At the AVS 55th International Symposium & Exhibition, Huang will describe how he stitched together the transmission electron microscope images of a single-wall nanotube growing within the core cavity of a multiwall nanotubes. The resulting short time-lapse video clearly reveals the answer to a long-standing carbon nanotube question: During their formation, the free end of a growing nanotube is a closed cap, not an open tube. (Nanotube pioneer Sumio Iijima in Japan has also recently achieved a similar result.) Understanding the growth mechanism is essential in creating nanotubes with the desired structure, or chirality, required for devices such as field-effect transistors.

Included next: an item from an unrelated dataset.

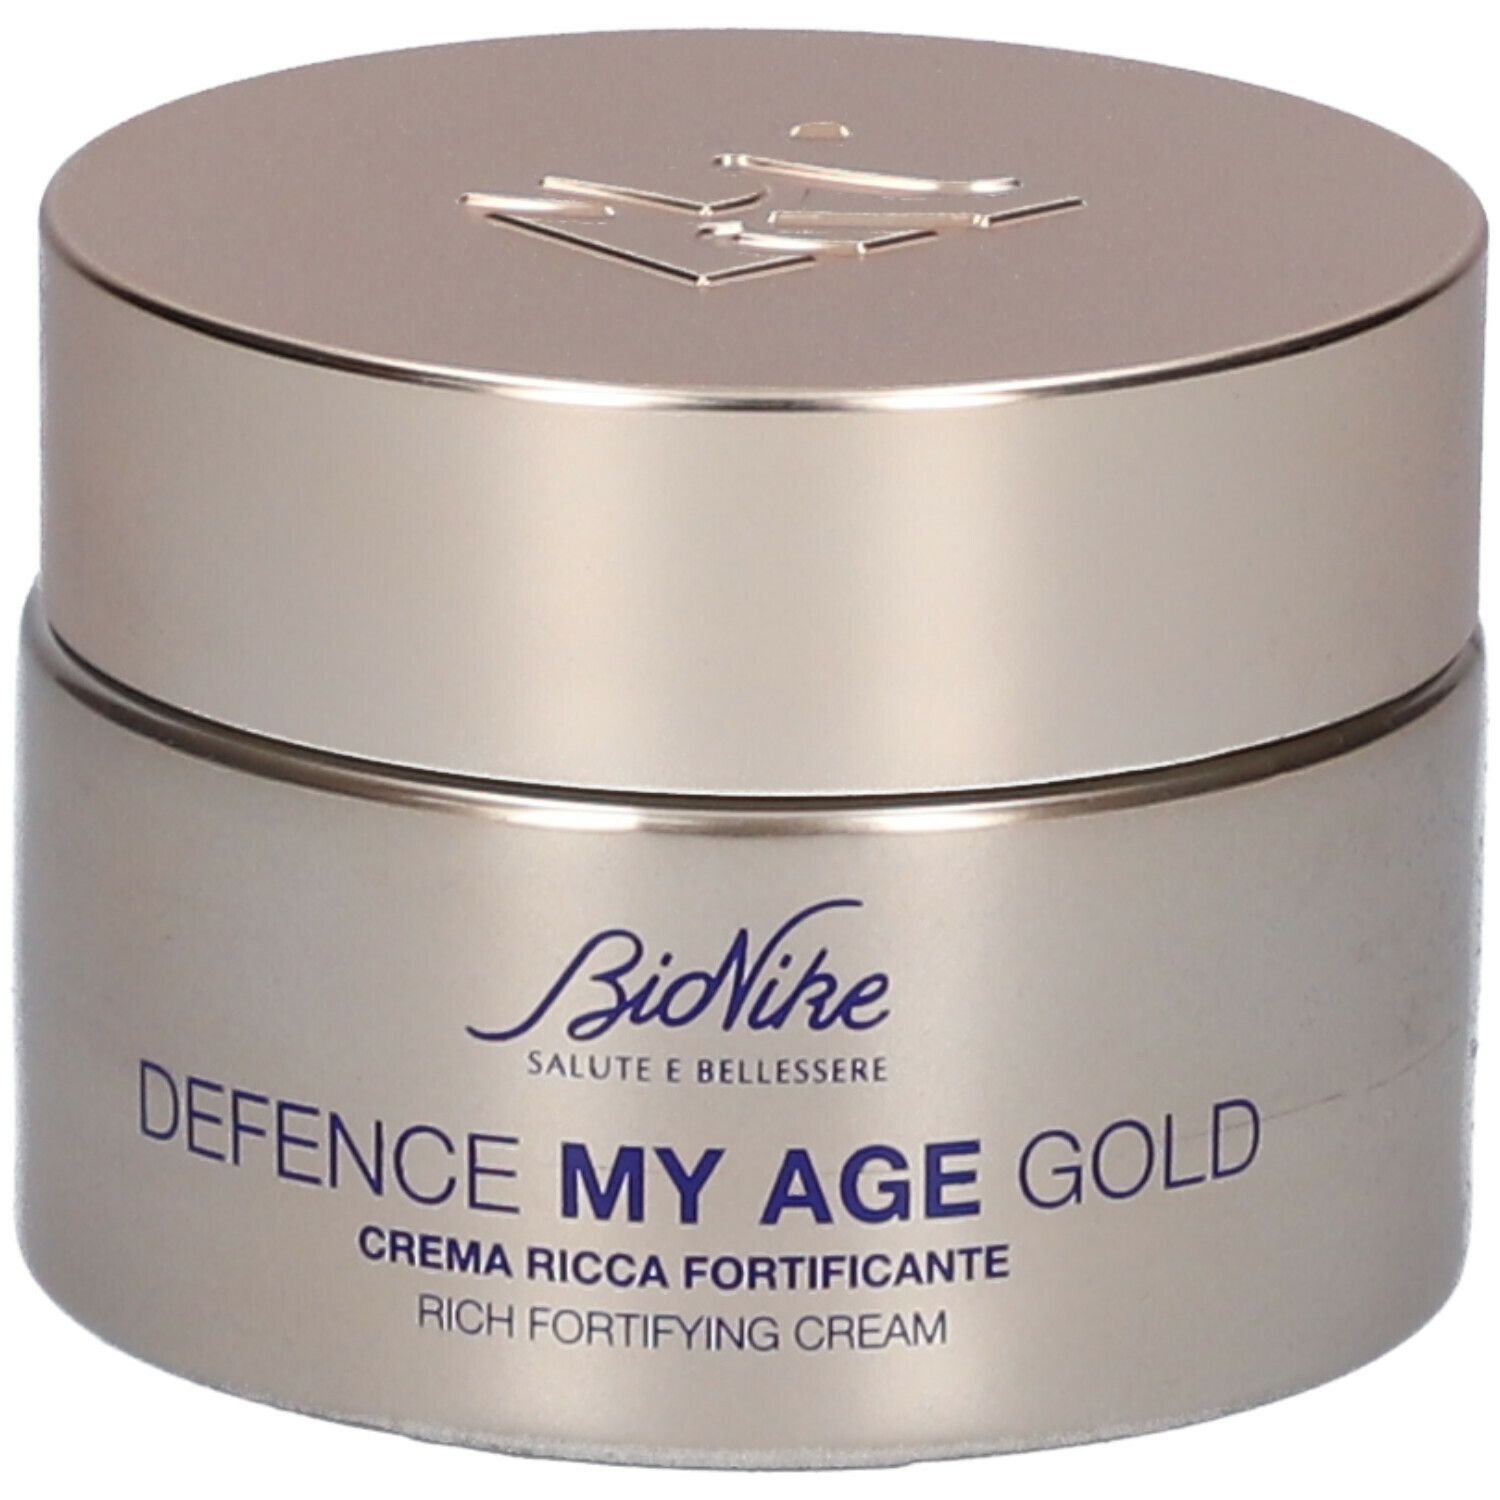 BioNike DEFENCE MY AGE GOLD Crema Ricca Fortificante
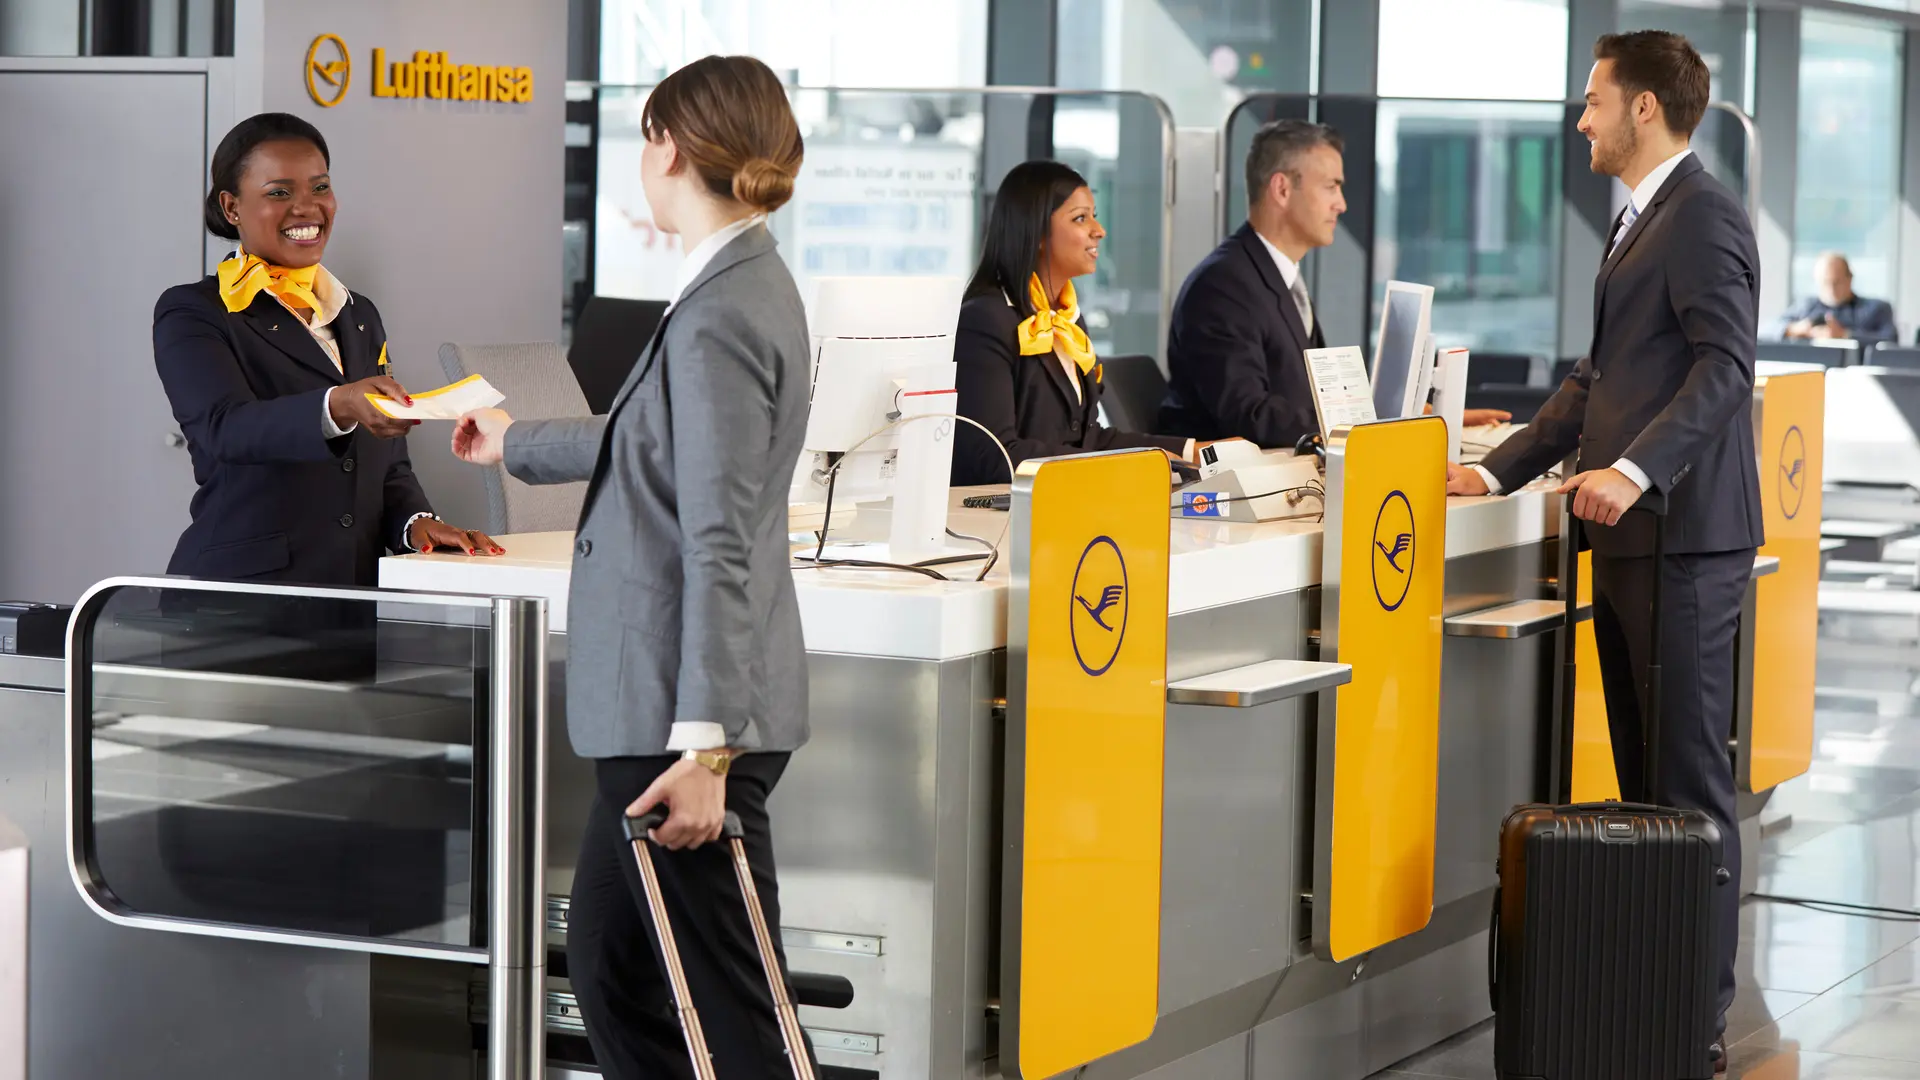 Airline review Airport experience - Lufthansa - 10

In earlier work, Huang has used the same technology to observe unexpected plastic deformation of stretched carbon nanotubes and the creation of closed-shell buckyballs within multiwall carbon nanotubes. His collaborators at Rice University have modeled the data and explained how conventional dislocation principles can be modified to explain the observed behavior in nanotubes.
Huang's talk, "In-Situ Electron Microscopy Enabled by a TEM-SPM Platform" will be held at 2:40 p.m. on Thursday, October 23, 2008, in Room 310 of the Hynes Convention Center.